### Assignment
Once the pictures are removed, restate the data below word for word.

Dataset section Block Start

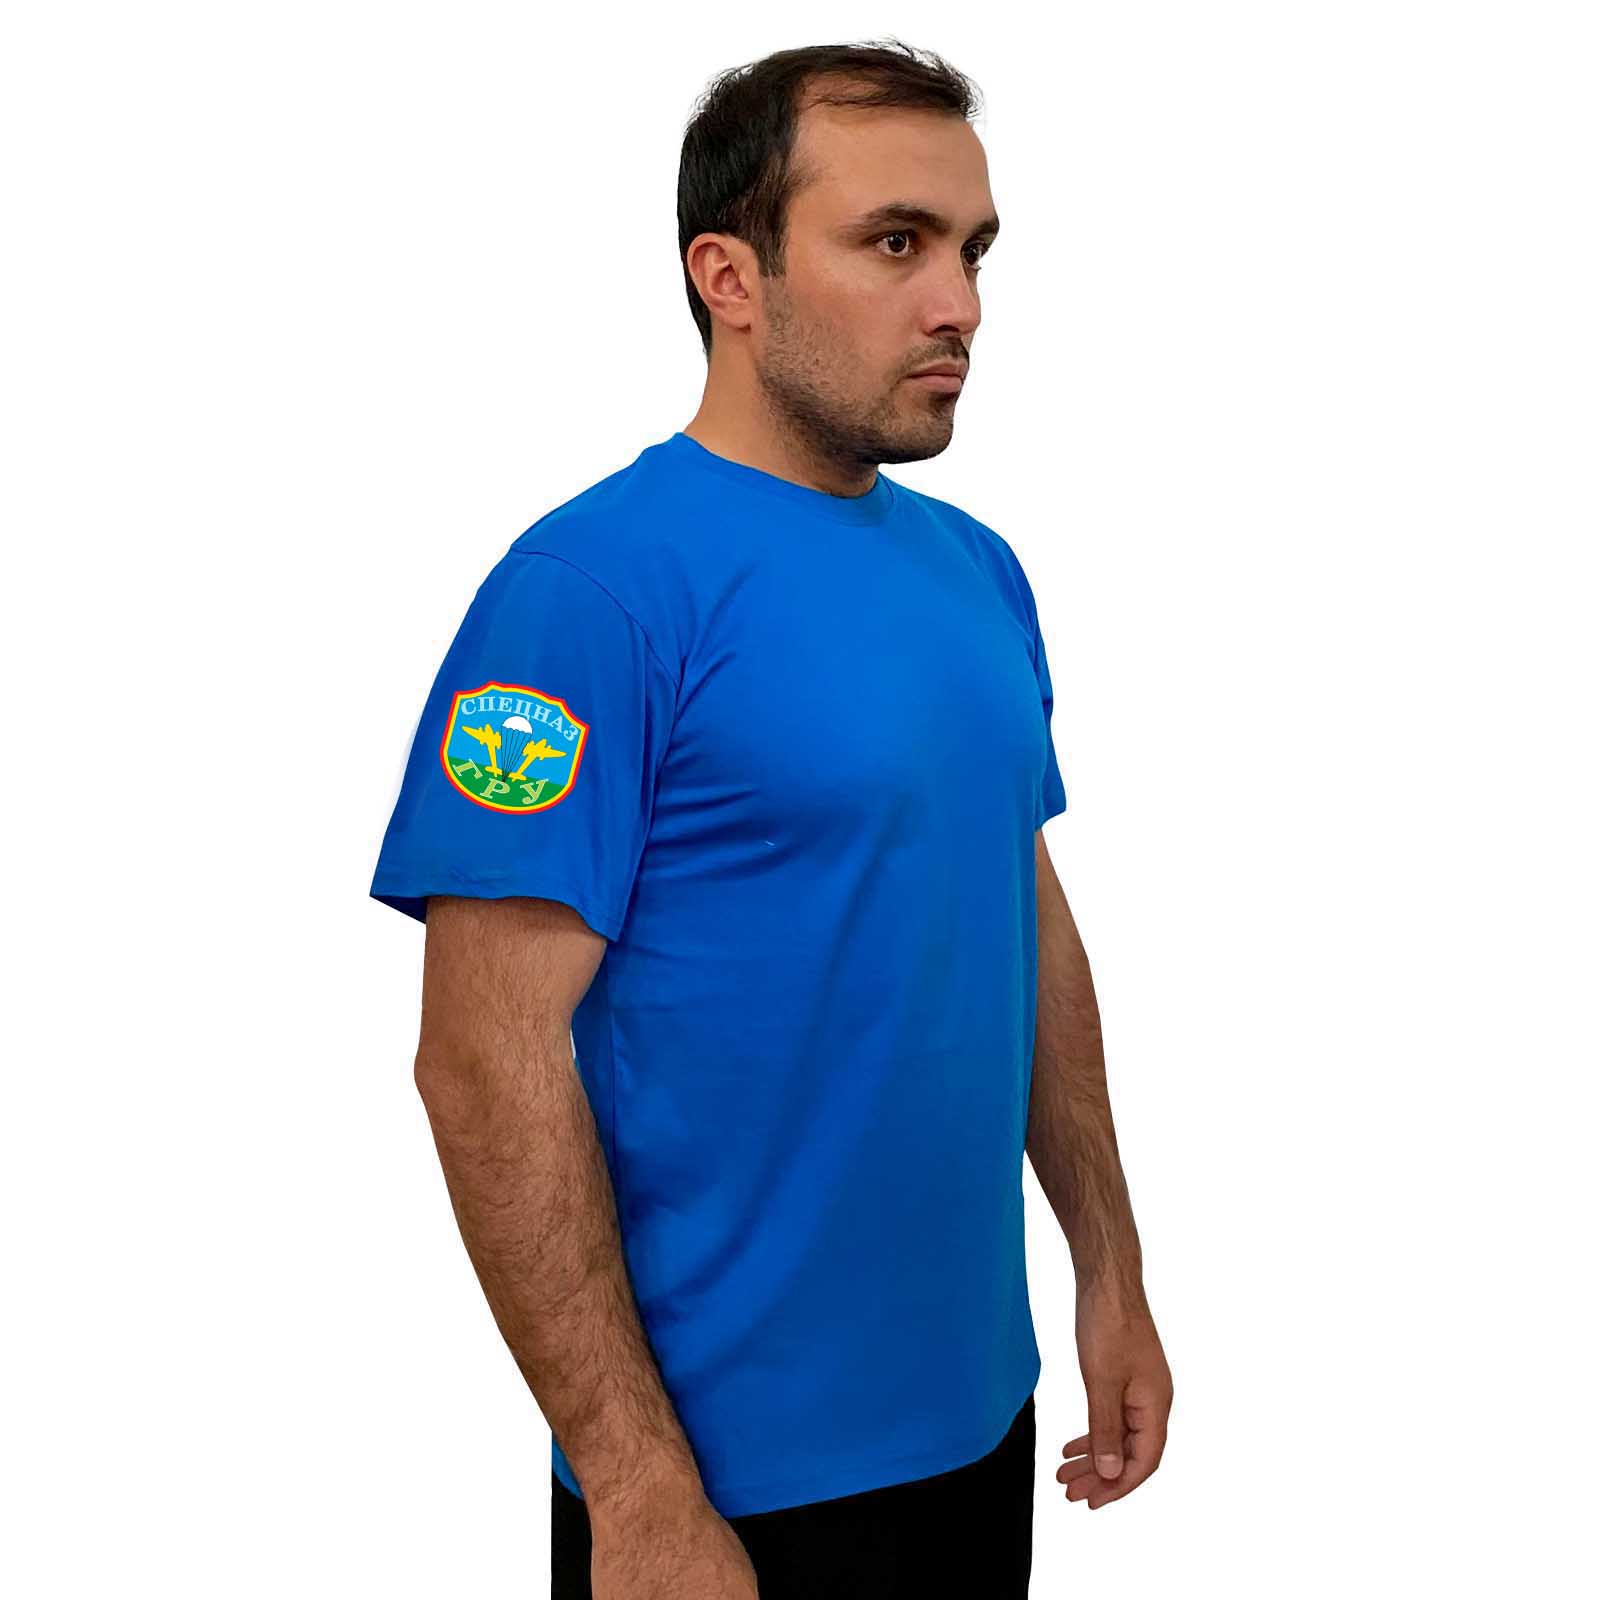 Васильковая футболка с термотрансфером "Спецназ ГРУ" на рукаве
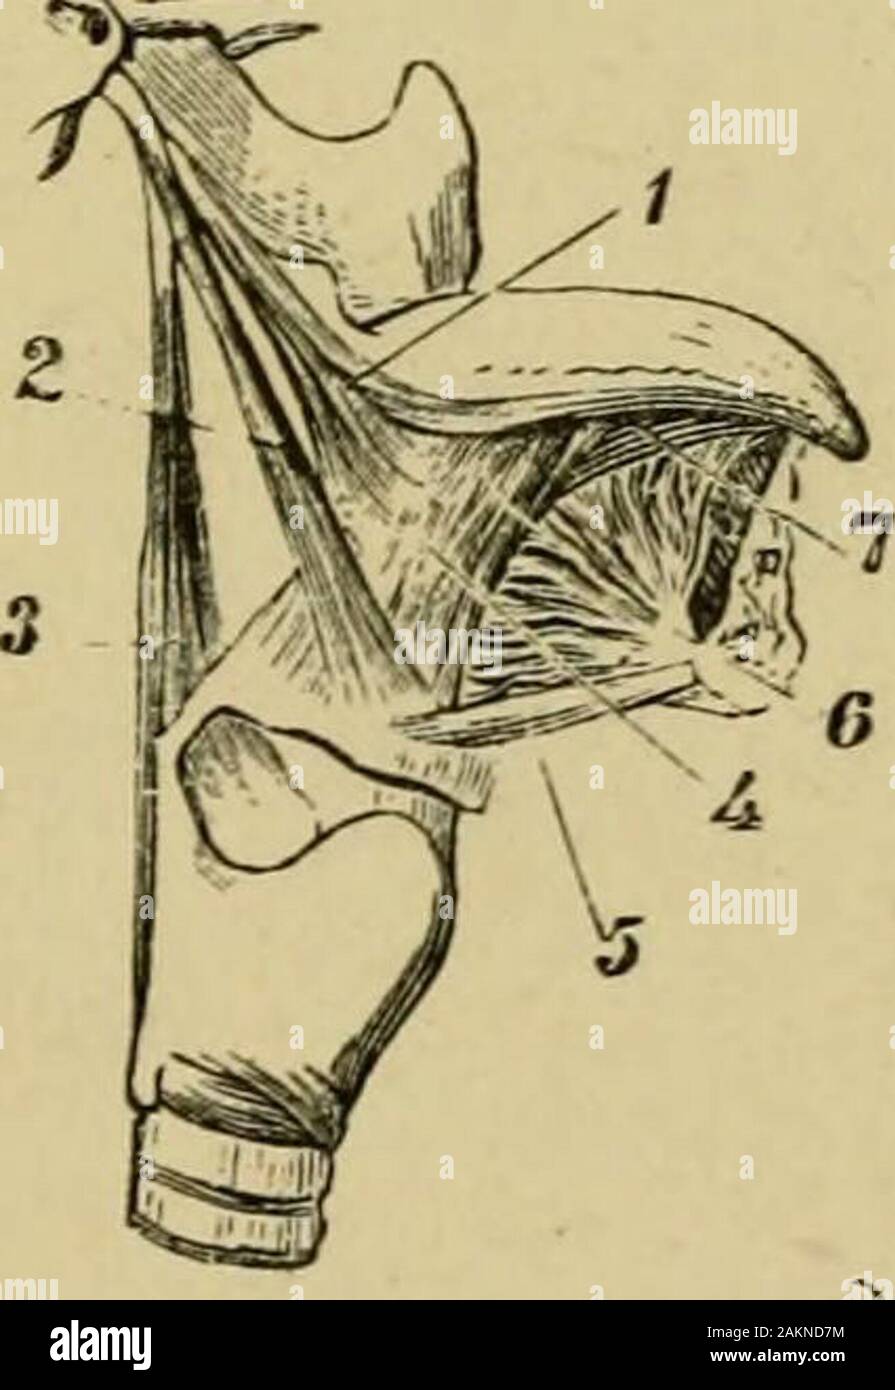 Der grasfrosch. Abb. 64.- Diagramm der kaudalen Muskulatur der rechten Seite oder Schwanz von Iguana, showinghow der ventralen Masse ähnelt der dorsalen teil, und wie die tendinous inter-Abschnitte des Mu besondere Fasern sind in Kegel aufgestellt. N, neuronale Wirbelsäule; 11, hypapophysial Wirbelsäule; z, zygapophysis;/, quer Prozess; i, Dorsalen seriesof Kegel; 2, obere seitliche Reihe von Kegeln; 3, untere Reihe von Kegeln; veuLral seriesof Kegel. Trennmembranen und anschließende bis der Muskelmasse in Super sphtting auferlegten Blätter ofdifferently Gerichtete Fasern. Diese kindschaft zwischen Piscine und mammalianmyology Stockfoto
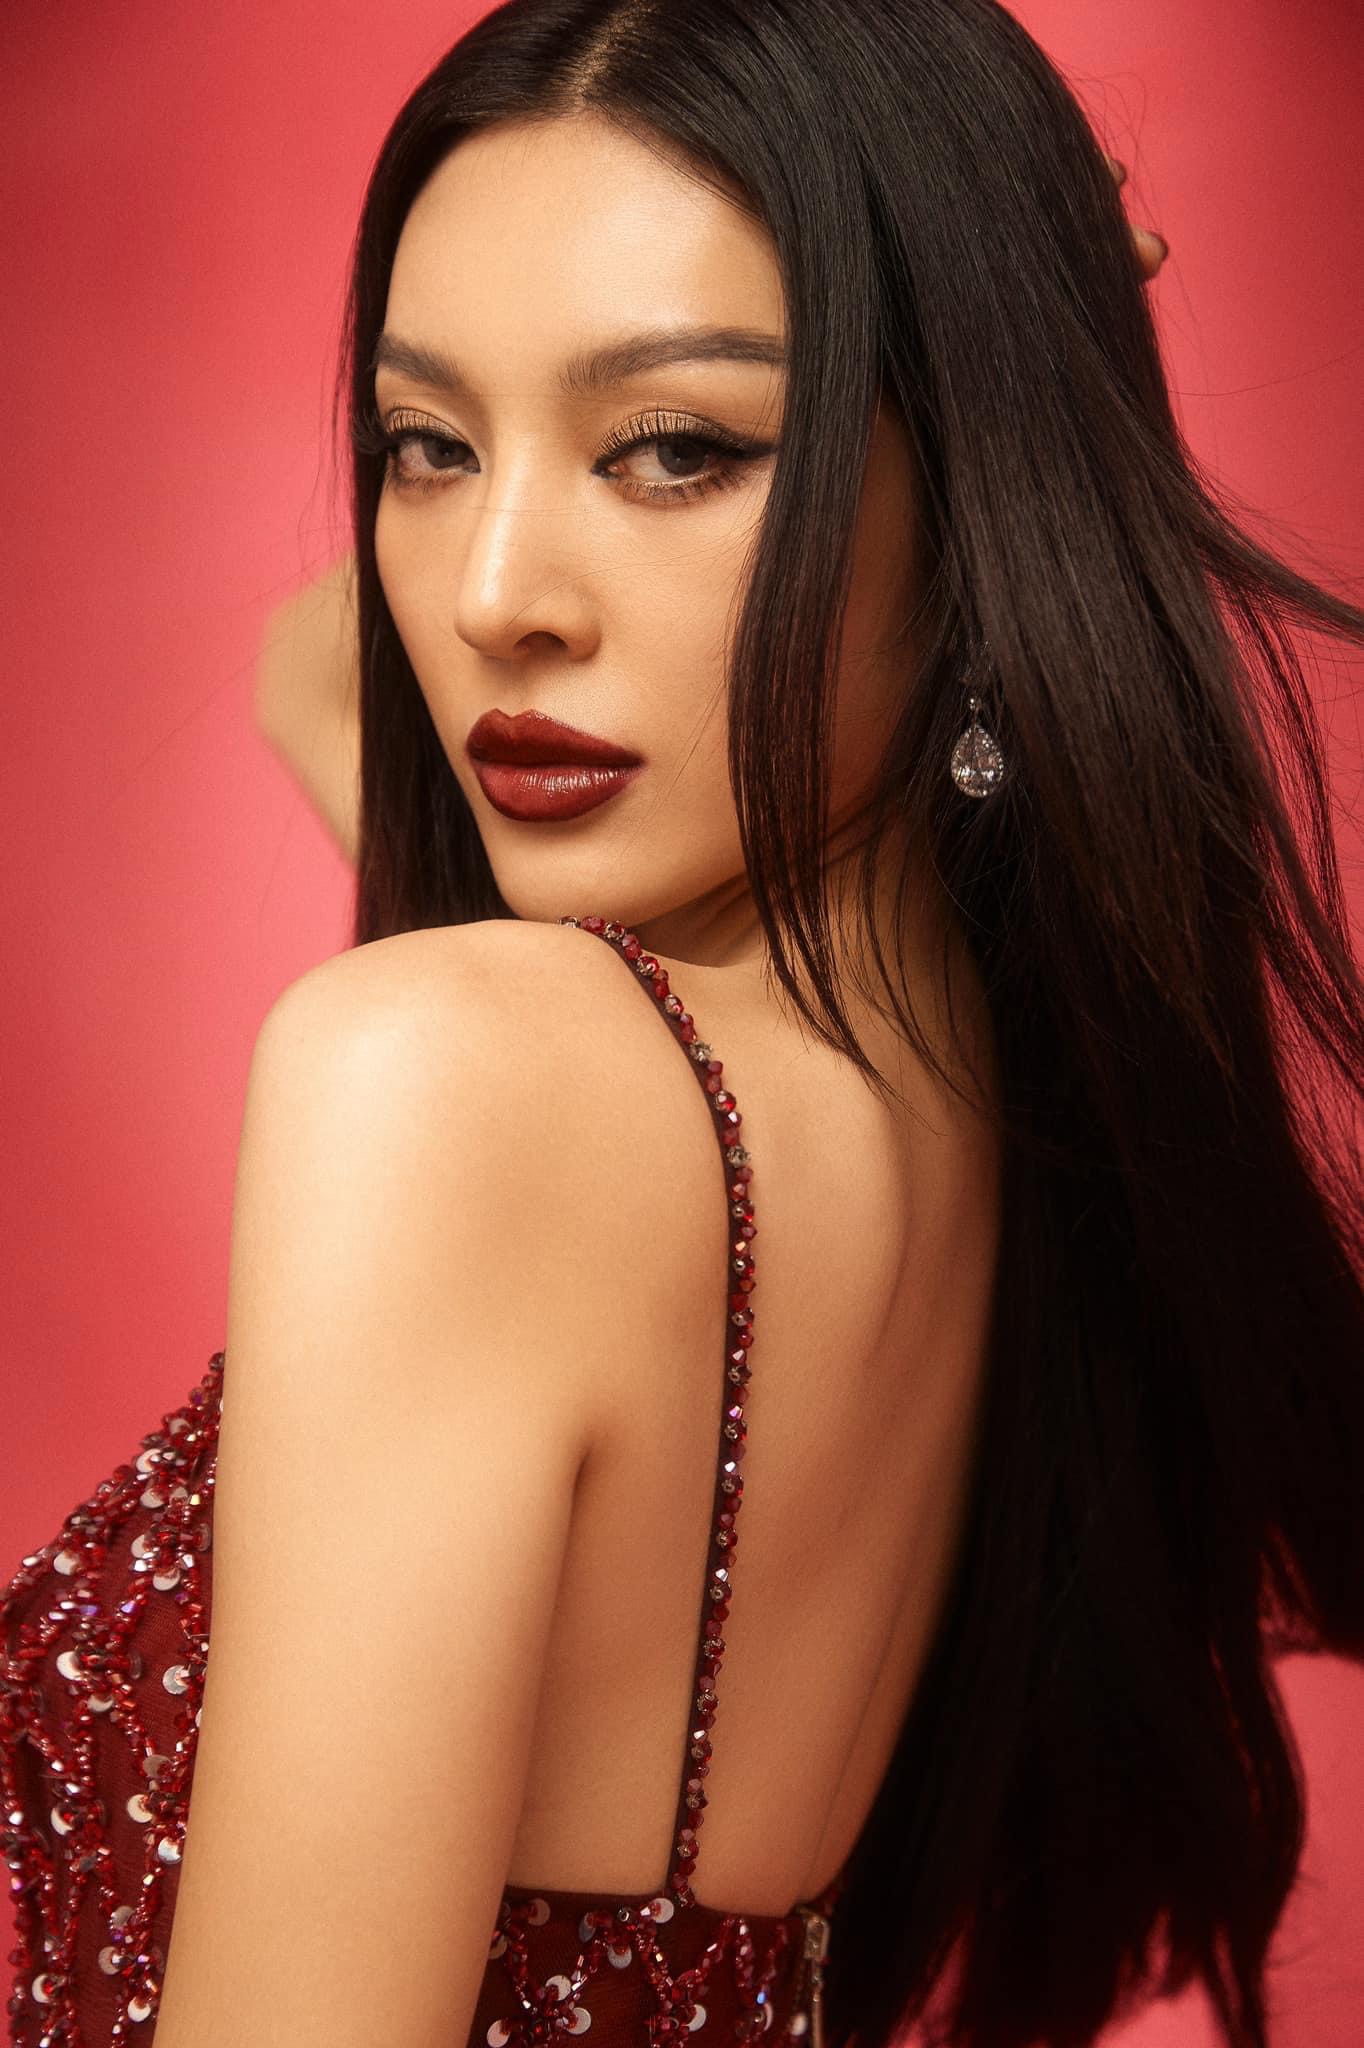 Những điều mới lạ giúp Miss Grand Vietnam trở thành cuộc thi nhan sắc đáng mong đợi - Ảnh 8.

Dataset section Block End

### Task response
 Васильковая футболка с термотрансфером "Спецназ ГРУ" на рукаве
 Der grasfrosch. Abb. 64.- Diagramm der kaudalen Muskulatur der rechten Seite oder Schwanz von Iguana, showinghow der ventralen Masse ähnelt der dorsalen teil, und wie die tendinous inter-Abschnitte des Mu besondere Fasern sind in Kegel aufgestellt. N, neuronale Wirbelsäule; 11, hypapophysial Wirbelsäule; z, zygapophysis;/, quer Prozess; i, Dorsalen seriesof Kegel; 2, obere seitliche Reihe von Kegeln; 3, untere Reihe von Kegeln; veuLral seriesof Kegel. Trennmembranen und anschließende bis der Muskelmasse in Super sphtting auferlegten Blätter ofdifferently Gerichtete Fasern. Diese kindschaft zwischen Piscine und mammalianmyology Stockfoto
 Những điều mới lạ giúp Miss Grand Vietnam trở thành cuộc thi nhan sắc đáng mong đợi - Ảnh 8.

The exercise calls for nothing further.